Import Recapture Strategy

From the NYT, on rising Chinese export prices:

Markups of 20 to 50 percent on products like leather shoes and polo shirts have sent Western buyers scrambling for alternate suppliers…..Already, the slowdown in American orders has forced some container shipping lines to cancel up to a quarter of their trips to the United States this spring from Hong Kong and other Chinese ports.

It’s time for state and local economic development agencies to start honing their import recapture strategies.  By ‘import recapture strategy’, I mean the judicious use of loans and other aid to help rebuild and restart manufacturing production and jobs that were lost to foreign factories.*

Yes, I know that sounds weird after all the manufacturing jobs that have been lost.  Anecdotally, the price differential between China and the U.S. was on the order of 35%.  Given the price jumps in the pipeline, all of a sudden the cost of U.S. production might be in spitting distance for some industries.That’s especially true since domestic manufacturers have the advantage of being close and flexible.
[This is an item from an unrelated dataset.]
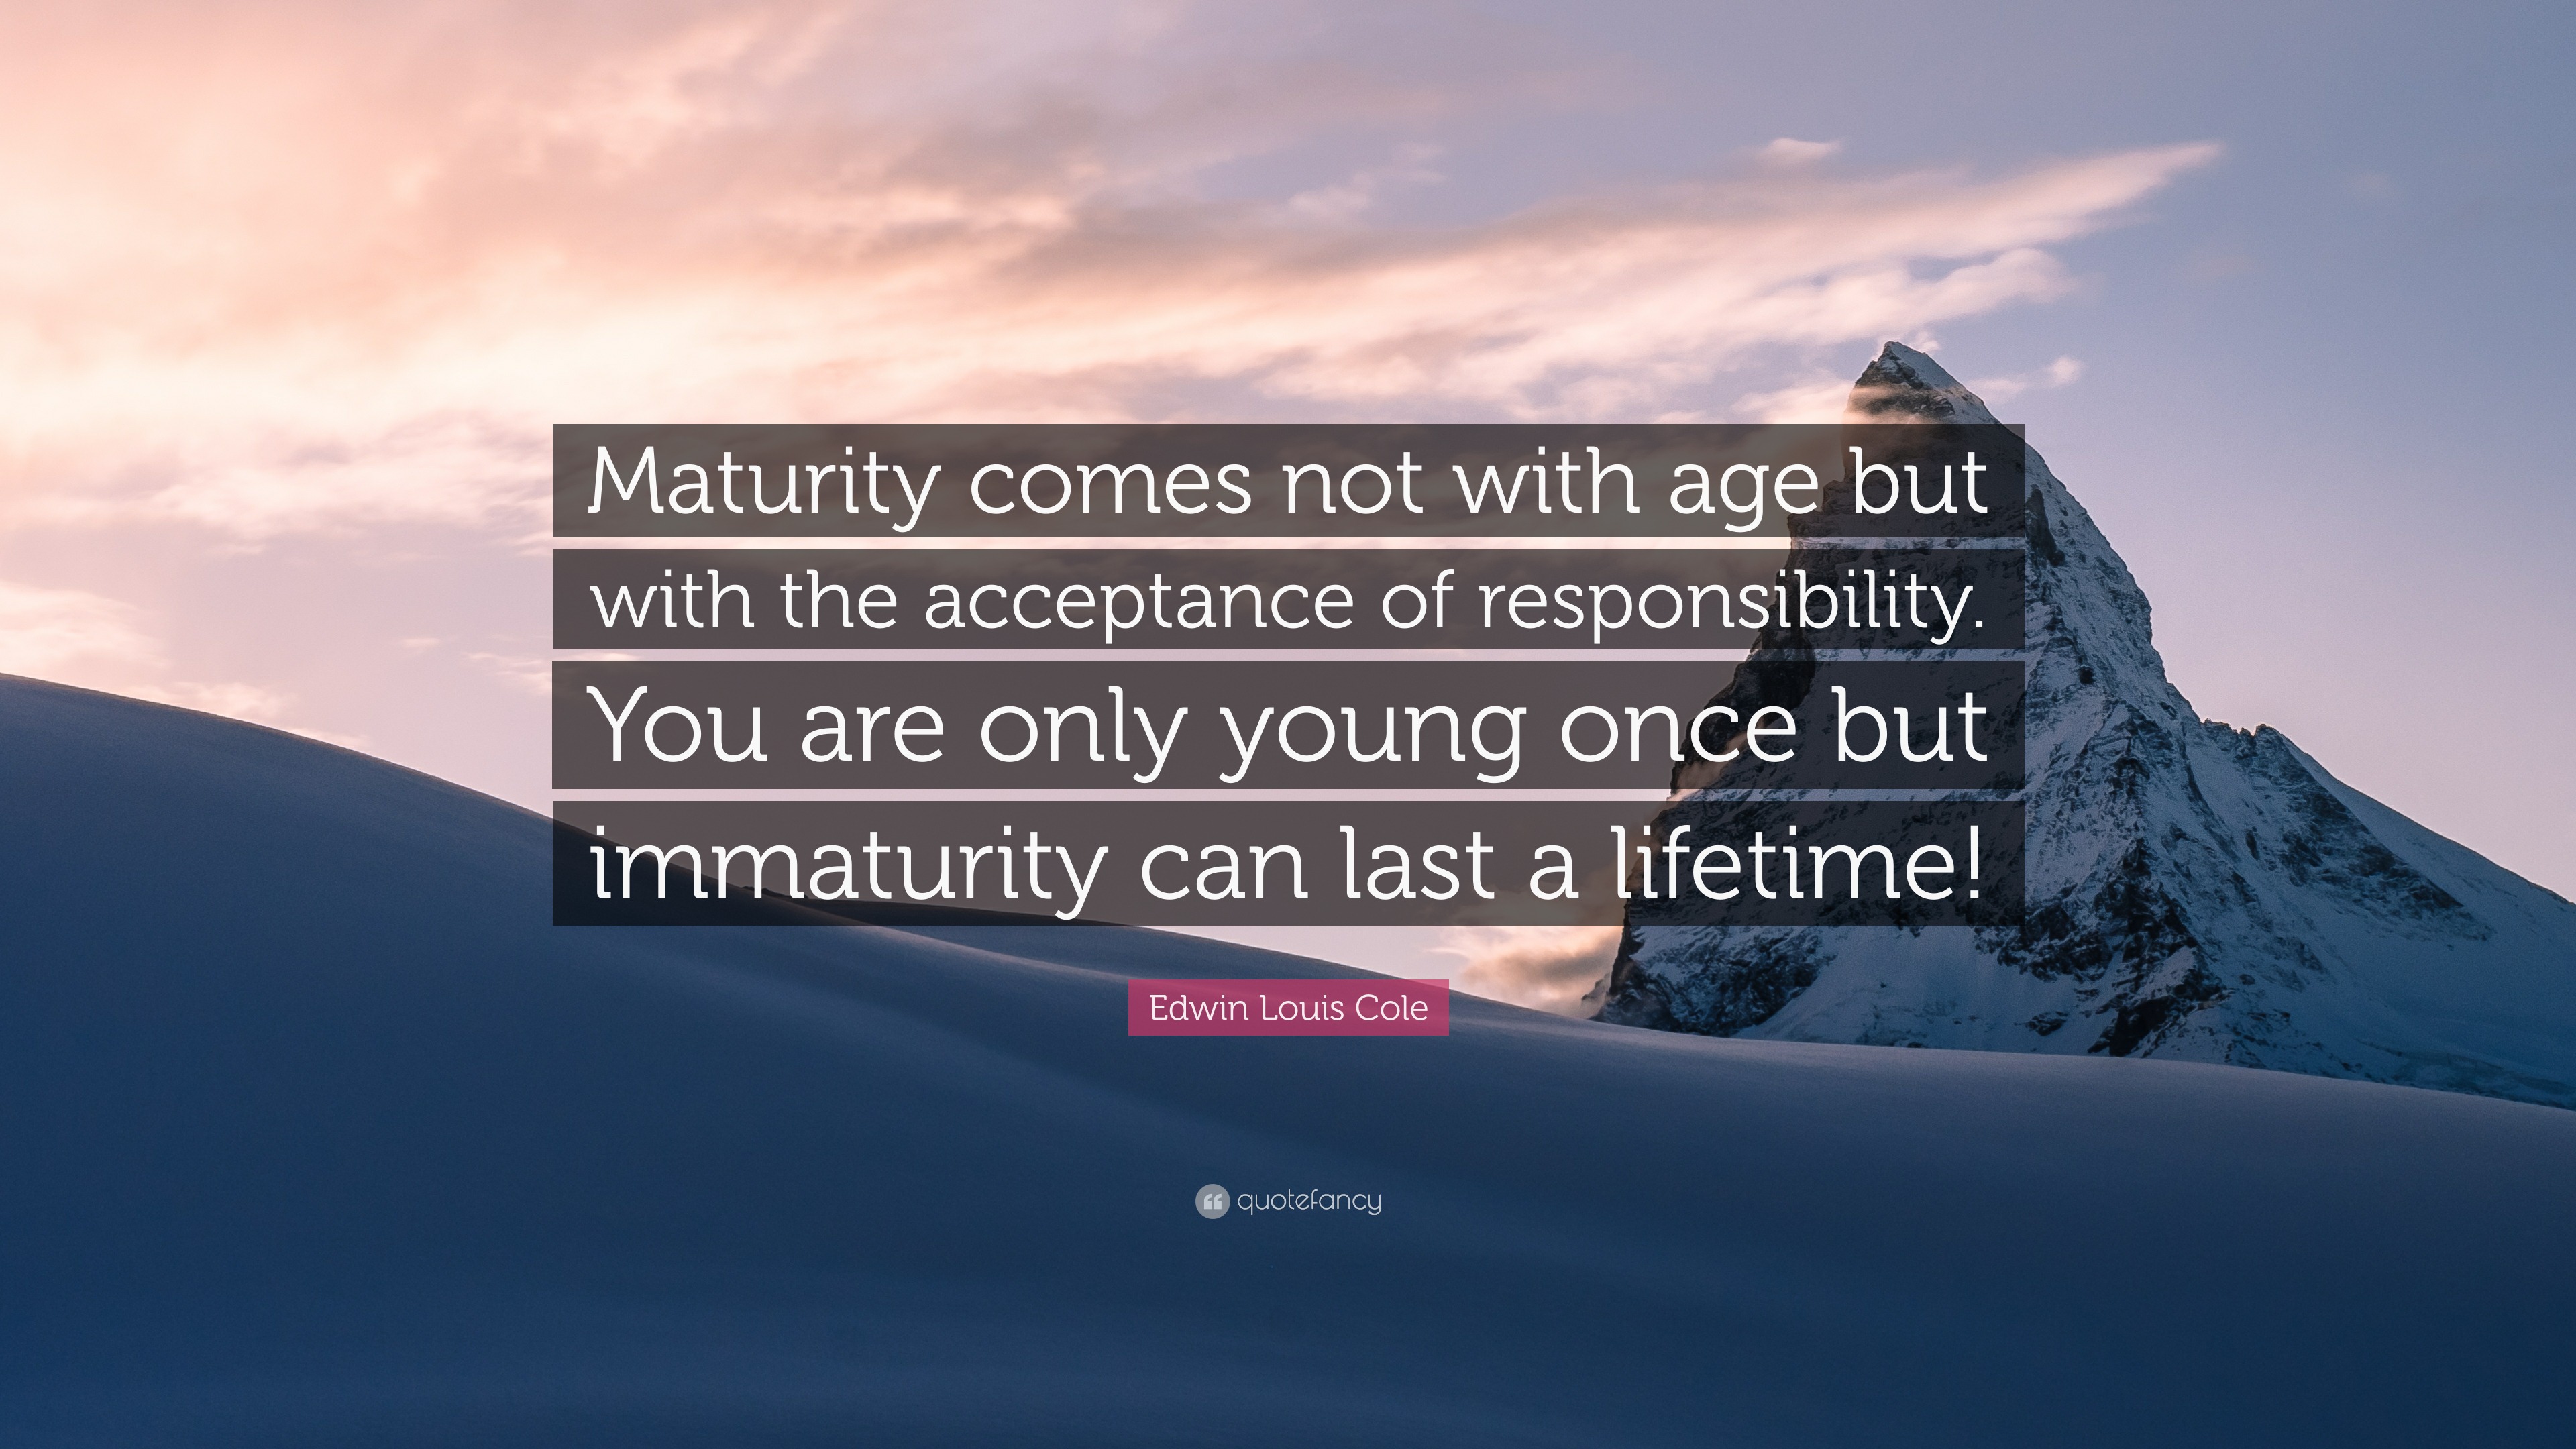 Edwin Louis Cole Quote: "Maturity comes not with age but ...

I’m talking here both high- and low-tech production here. The question is which industries are ripe for import recapture, and how many jobs could be created. Here I’m going to tell you an important  little secret–you cannot rely on the BLS import price data to tell you where the gap has closed between import and domestic prices.  Two reasons:

* The BLS does not measure the difference between the price of imports and the price of the comparable domestic goods.   Just doesn’t.  Never has. It’s a gaping hole in the data.

*The BLS  does measure changes in import prices–but very very badly (see here and the conference proceedings here). To understand how badly, take a look at this chart, which supposedly tracks the price of Chinese imports.

If you believe this data, the price of Chinese imports into the U.S. has been effectively flat (plus or minus no more than 4%) for the past seven years, through the biggest import boom in U.S. history, the biggest financial crisis in75 years, and a 25% appreciation of the Chinese yuan against the dollar.  As the saying goes, “this does not make sense.”  

Back again. I’m currently figuring out  how to develop a database of import-domestic price gaps, so we can assess where an import recapture strategy makes sense. If you are interested in working with me on this, drop me a note at mmandel@visibleeconomy.com

Comments

  1. What a joke. If China gets too expensive, they’ll just go to Vietnam or Bangladesh or Indonesia. As McCain said three years ago in Michigan, in a rare fit of honesty for a politician, those jobs aren’t coming back and frankly you shouldn’t want them to come back. Next you’ll be talking about how we should crank up the agriculture subsidies to get the farm jobs “back,” despite the fact that no Americans want those farm jobs and they’re largely done by migrant labor these days.

    • Mike Mandel says:

      > If China gets too expensive, they’ll just go to Vietnam or Bangladesh or Indonesia

      Maybe you are right, maybe you aren’t. The point is that we won’t know if the difference in price has narrowed, or for what industries, because the data doesn’t exist.

    • I think that the decision of companies to manufacture things in China is based on more than cheap wages. For a developing nation, China has awfully good infrastructure, infrastructure often built for the purpose of sustaining exports. As well, China also has a policy of encouraging multinationals to open up shop in order to gain access to Chinese consumers. Further, the Chinese regime and political situation are likely much more predictable than the regimes and political situations of other developing nations. China is quite unique among developing nations.

    • These low-wage production jobs will never narrow in price for more than a short time period, like the temporary doubling in the price of oil a couple years ago. The moment foreign prices rise, that will be a signal for competitors to come in and build cheaper capacity, roping in the cheap labor of the trillions more poor people in those countries. Even if China has certain efficiencies, there’s a lot more untapped labor there, that Chinese entrepreneurs could use to undercut existing higher-priced Chinese or US production. Any US “recapture” will simply lead to more bankruptcies as foreign capacity expands, which is why it is pure fantasy.

  2. Jackson Stone says:

    Great post! The US can push the process forward by reducing income taxes and payroll taxes and raising sales prices on foreign imports. Make tariff-jumping FDI a central focus, and encourage industrial diversification with gradually but steadily increasing local content regulations.

    Never forget: China 1978 was a total mess: no infrastructure, little technology, mass poverty, few natural resources, a corrupt and bankrupt central government, surrounded by hostile states (USSR, Vietnam). If they could industrialize: ANYONE can.